While scaling it up and down:
$ docker service scale deployme=6
$ docker service scale deployme=2
...
Concurrency Level: 40
Time taken for tests: 53.098 seconds
Complete requests: 20000
Failed requests: 0
Keep-Alive requests: 19973
Total transferred: 7409983 bytes
HTML transferred: 3395410 bytes
Requests per second: 376.66 [#/sec] (mean)
Time per request: 106.196 [ms] (mean)
Time per request: 2.655 [ms] (mean, across all concurrent requests)

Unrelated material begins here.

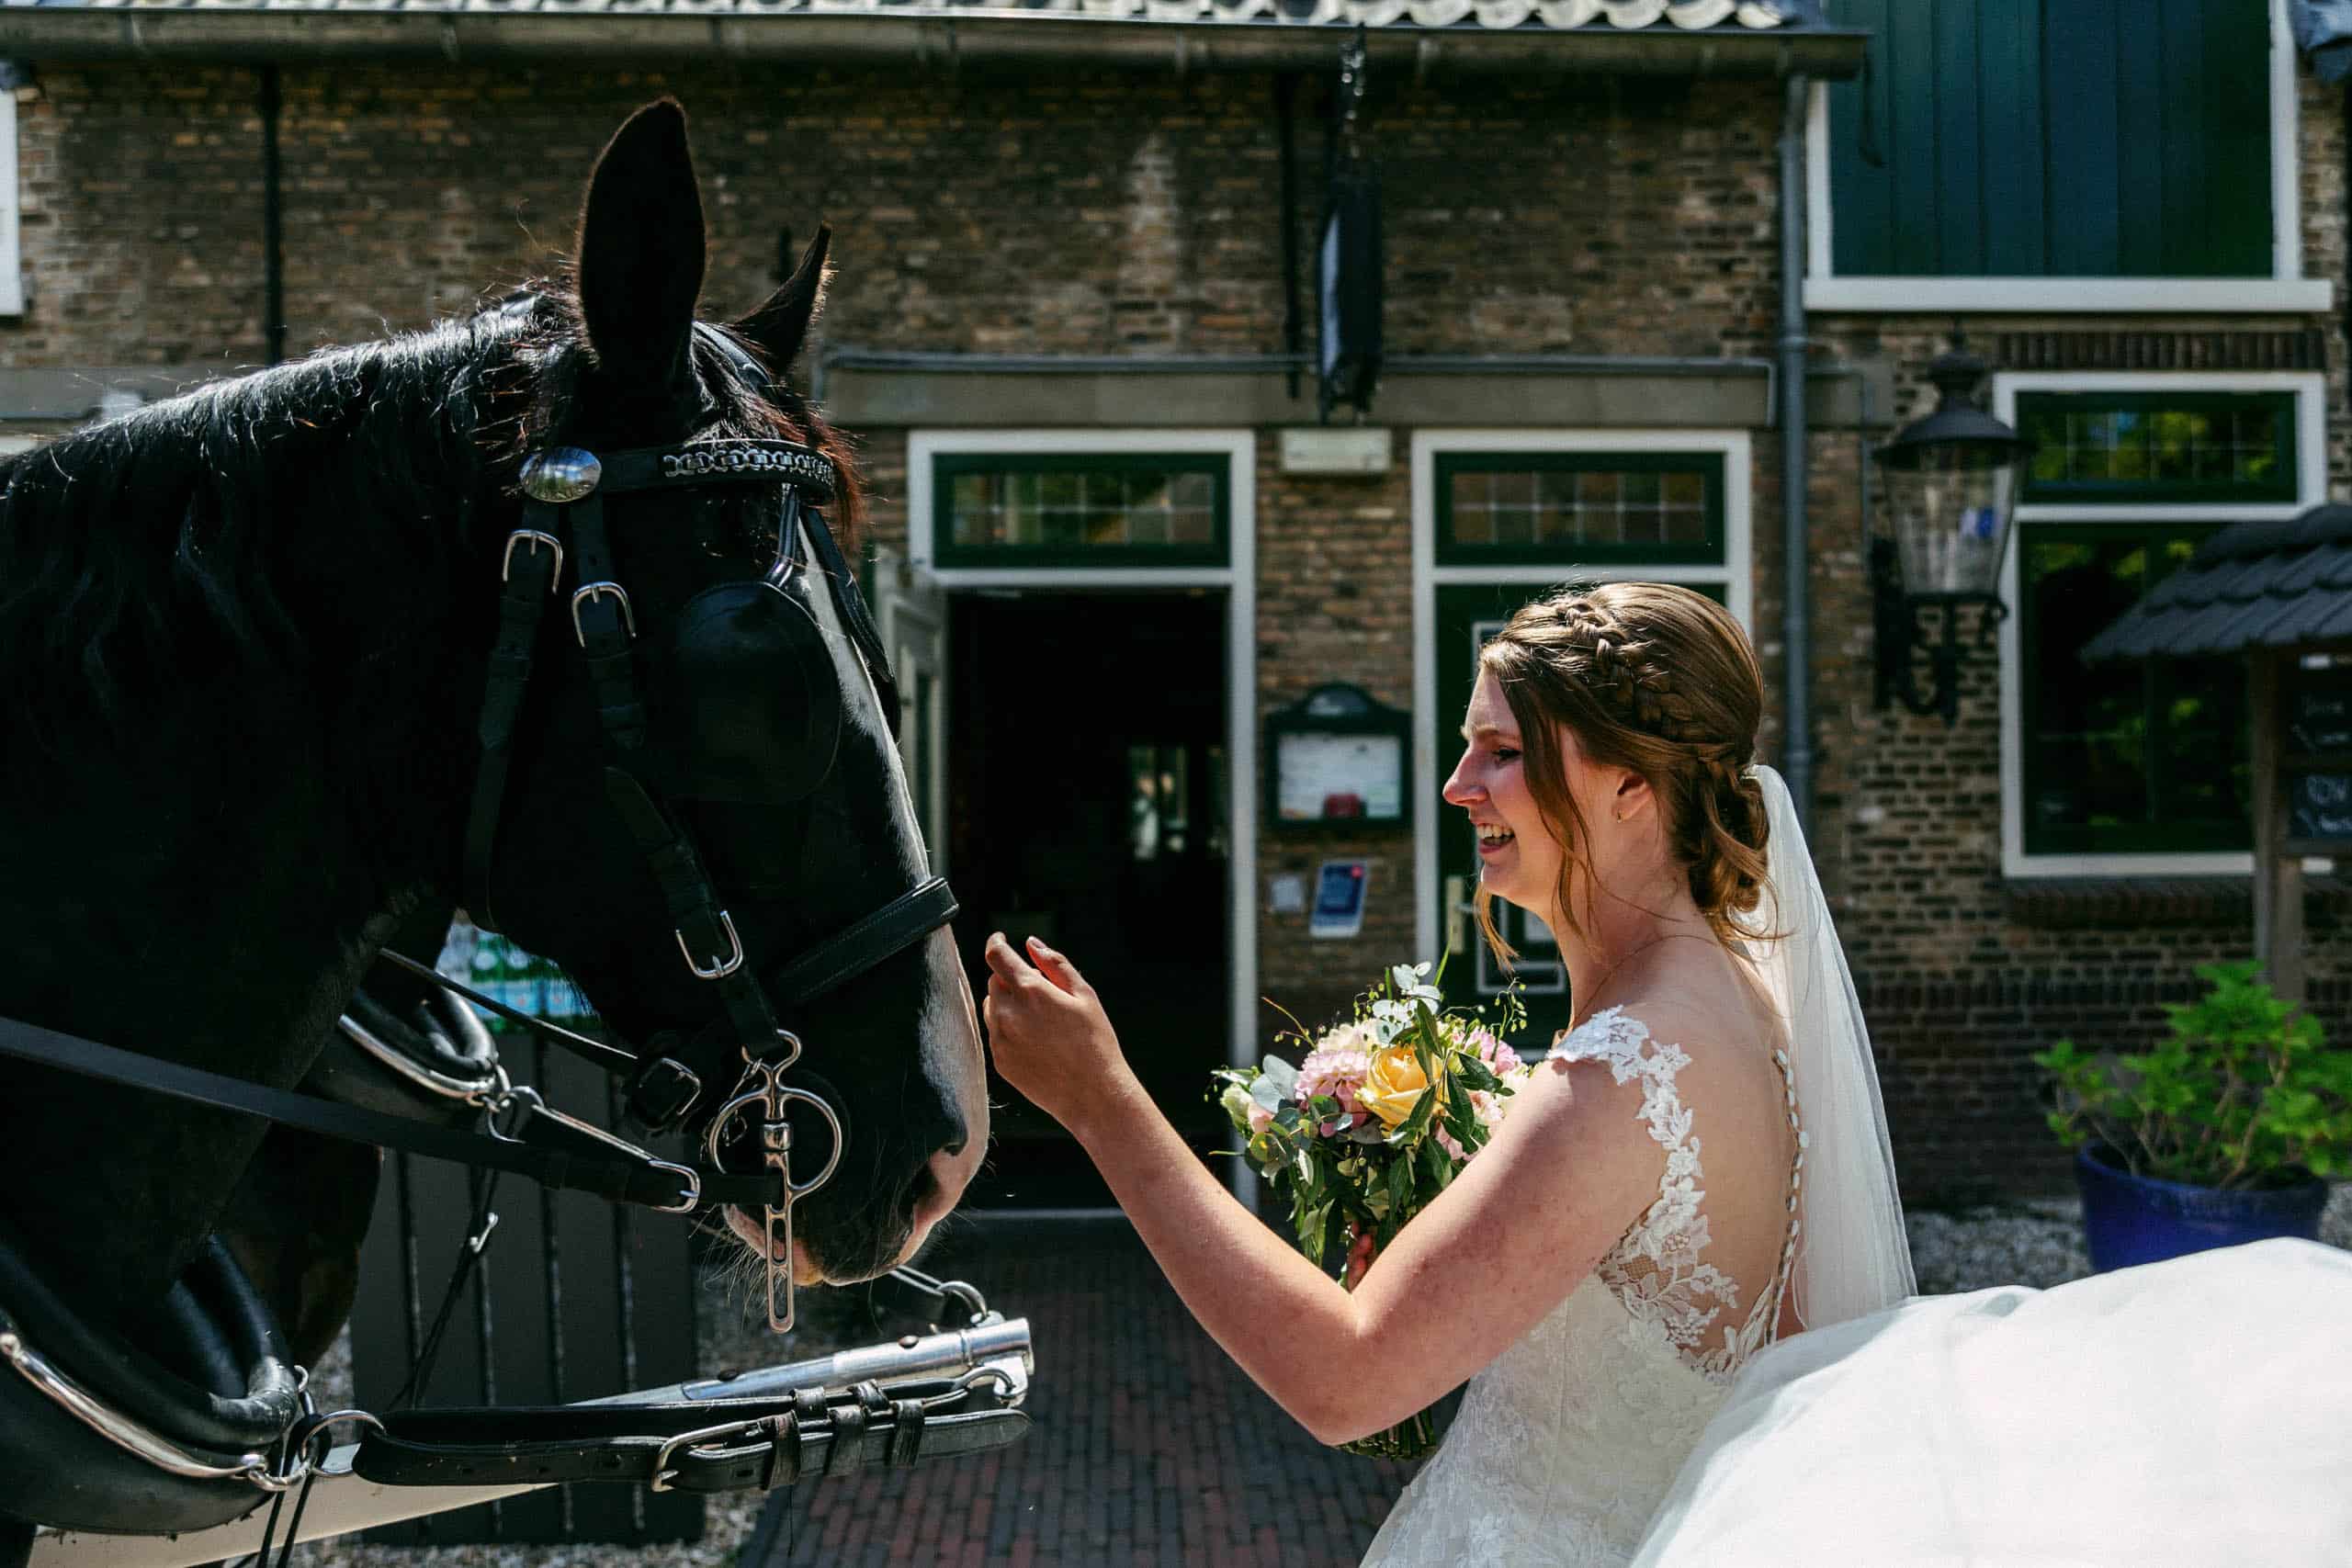 Een bruid aait een paard voor een pand tijdens een dierenbruiloft.

Transfer rate: 136.28 [Kbytes/sec] received
Connection Times (ms)
min mean[+/-sd] median max
Connect: 0 0 0.3 0 8
Processing: 8 106 189.0 94 5136
Waiting: 0 99 53.6 93 942
Total: 8 106 189.0 94 5136
Tadaaa! All requests succeed.
For deploy process we will use docker service update that technically will do the same: scale service down and back up with new options, ex: --image
.
Create new version of our app:
$ docker tag lostintime/docker-deploy-test:v1 lostintime/docker-deploy-test:v2
And finally deploy:
$ docker service update --image "lostintime/docker-deploy-test:v2" deployme
While benchmarking:
$ ab -c 40 -n 20000 -l -k "http://deployme:3000/"
...
Concurrency Level: 40
Time taken for tests: 46.566 seconds
Complete requests: 20000
Failed requests: 0
Keep-Alive requests: 19985
Total transferred: 7414435 bytes
HTML transferred: 3397450 bytes
Requests per second: 429.50 [#/sec] (mean)
Time per request: 93.132 [ms] (mean)
Time per request: 2.328 [ms] (mean, across all concurrent requests)
Transfer rate: 155.49 [Kbytes/sec] received
Connection Times (ms)
min mean[+/-sd] median max
Connect: 0 0 0.5 0 15
Processing: 6 93 157.7 76 5927
Waiting: 0 89 47.3 75 414
Total: 6 93 157.7 76 5927
Conclusion
Health check is a very important part of deploy process and let us controll when exactly container is ready to be added to the swarm. Of course you should tune --helth-*
parameters for your requirements and ideally create a separate endpoint which will incapsulate all your healthcheck logic. For deploy process you’ll need at least one container running at a time or more, that can handle the load, so please also check --update-parallelism
, --update-delay
and --stop-grace-period 5s
params in more depth.
Useful links
Here are some useful links which I discovered while solving this problem.
- Graceful shutdown in nodejs: http://joseoncode.com/2014/07/21/graceful-shutdown-in-node-dot-js/
- Reducing Deploy Risk With Docker’s New Health Check Instruction: https://blog.newrelic.com/2016/08/24/docker-health-check-instruction/
- Docker healthcheck documentation: https://docs.docker.com/engine/reference/builder/#/healthcheck
PS: sorry for style of the writing and predominant shell outputs, the post is just a dirty proof-of-concept instructions set :).